むなしいことに、その埋葬品は役に立ちませんでした。 遅かれ早かれなくなってしまうものにしがみつくな、むしろ、キリストが十字架によって私たちのすべての罪を担って下さり、晴れて「神の国」で永遠の命を生きる、そのことを信じなさい。キリストが私たちの救い主であることを信じなさい。そして、隣人を愛してこの世界に「神の国」を現しなさい。これが、今日の聖書でマタイが一番言いたいことです。
恐れながらも大いに喜ぶ
私たちの日常は、ささいなことで腹も立てば、憂鬱にもなります。太平洋の真ん中で揺れるボートのようなもので、襲いかかってくるこの世の波はどうすることもできません。明日のことを心配するのは、当たり前です。
その時、私たちが一番聞きたい言葉は、「大丈夫、心配しないで」ではないでしょうか。今日の聖書が言いたいのは、この「大丈夫、心配しないで」ということです。

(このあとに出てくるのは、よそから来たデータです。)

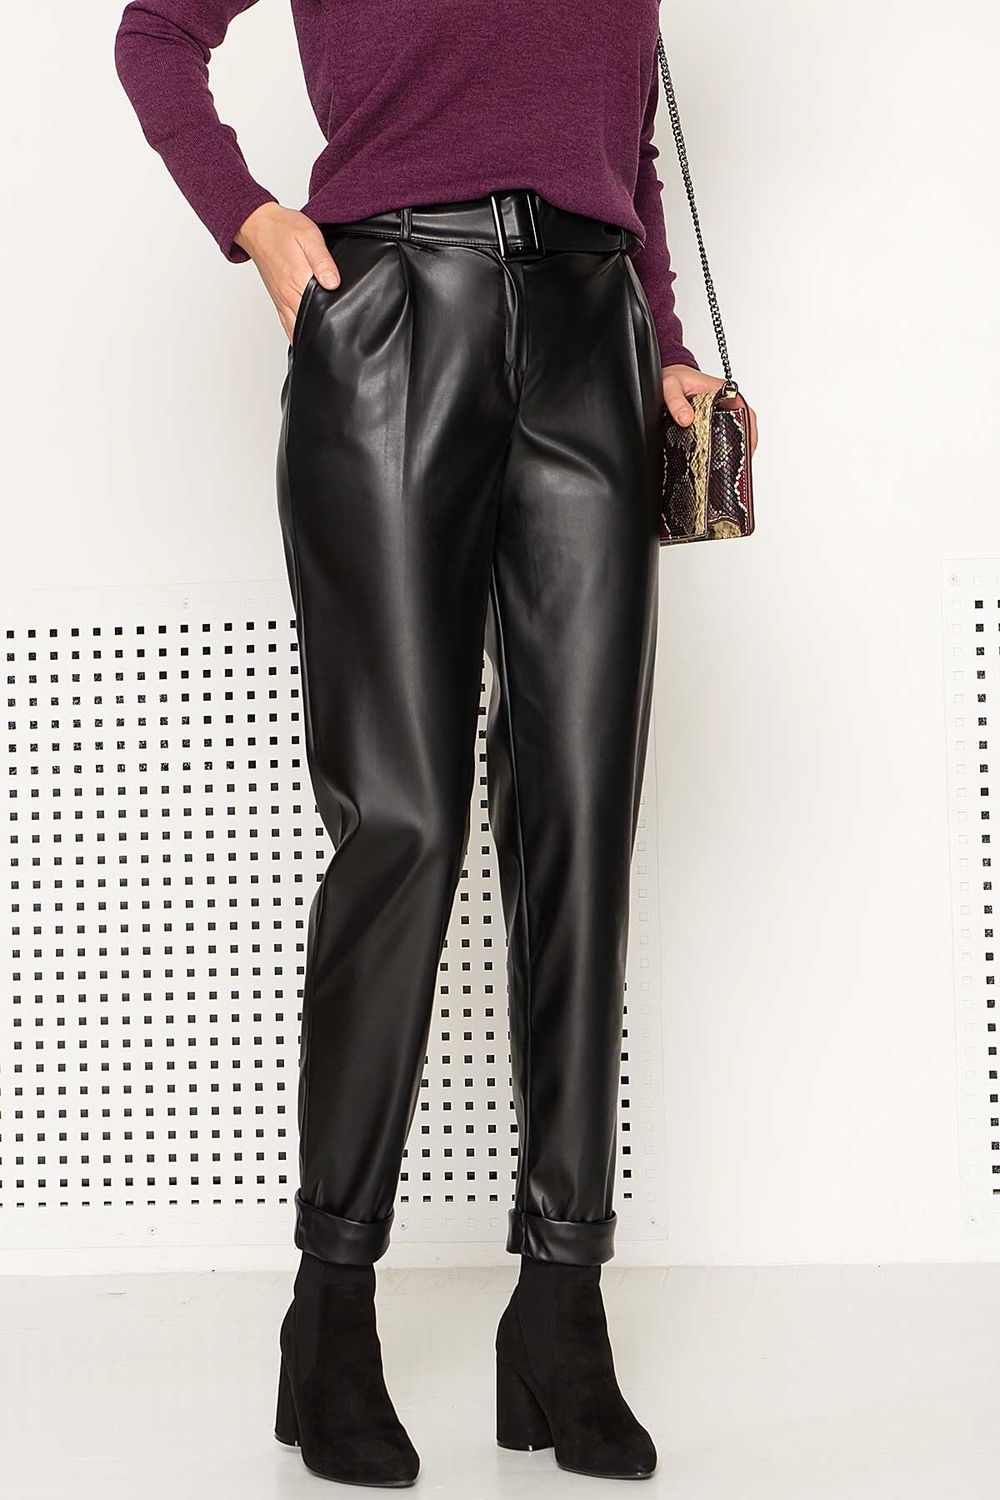 Жіночі шкіряні штани з отворотами чорні - фото

イエス様が十字架の上で息を引き取ったとき、弟子たちは、どんなに将来を悲観したことでしょうか。しかし、イエス様が葬られてから3日目の朝に、神様の使いが、二人のマリアの前に現れて言いました。
恐れることはない。
イエスはここにはおられない。
復活なさったのだ。
それにこたえて、二人のマリアは「恐れながらも、大いに喜んだ」とあります。いま、私たちにとって大切なのは、苦労の尽きないこの世界にあって、二人のマリアのように「恐れながらも、大いに喜ぶ」ことなのです。 呑気でいなさいというのでは、ありません。すでに与えられている神様の恵みに感謝することを忘れて、心配ばかりが先に立つことを戒めているのです。
旧約聖書のヨブ記には、こんな言葉があります。
主は与え、主は奪う。
主の御名は、ほめたたえられよ。
命を与えるのも、奪うのも、神様です。私たちは裸で生まれ、再び、裸で神のみもとに帰っていきます。
主は与え、主は奪う。
主の御名は、ほめたたえられよ。
私たちはどんな時も神様のもの、与えられる時も奪われる時も神様のもの。どうぞ、悩み多き世の中を「恐れながらも大いに喜んで」、イエス様から託されたこの世の務めを果たしながら、最後まで共に歩んでまいりましょう。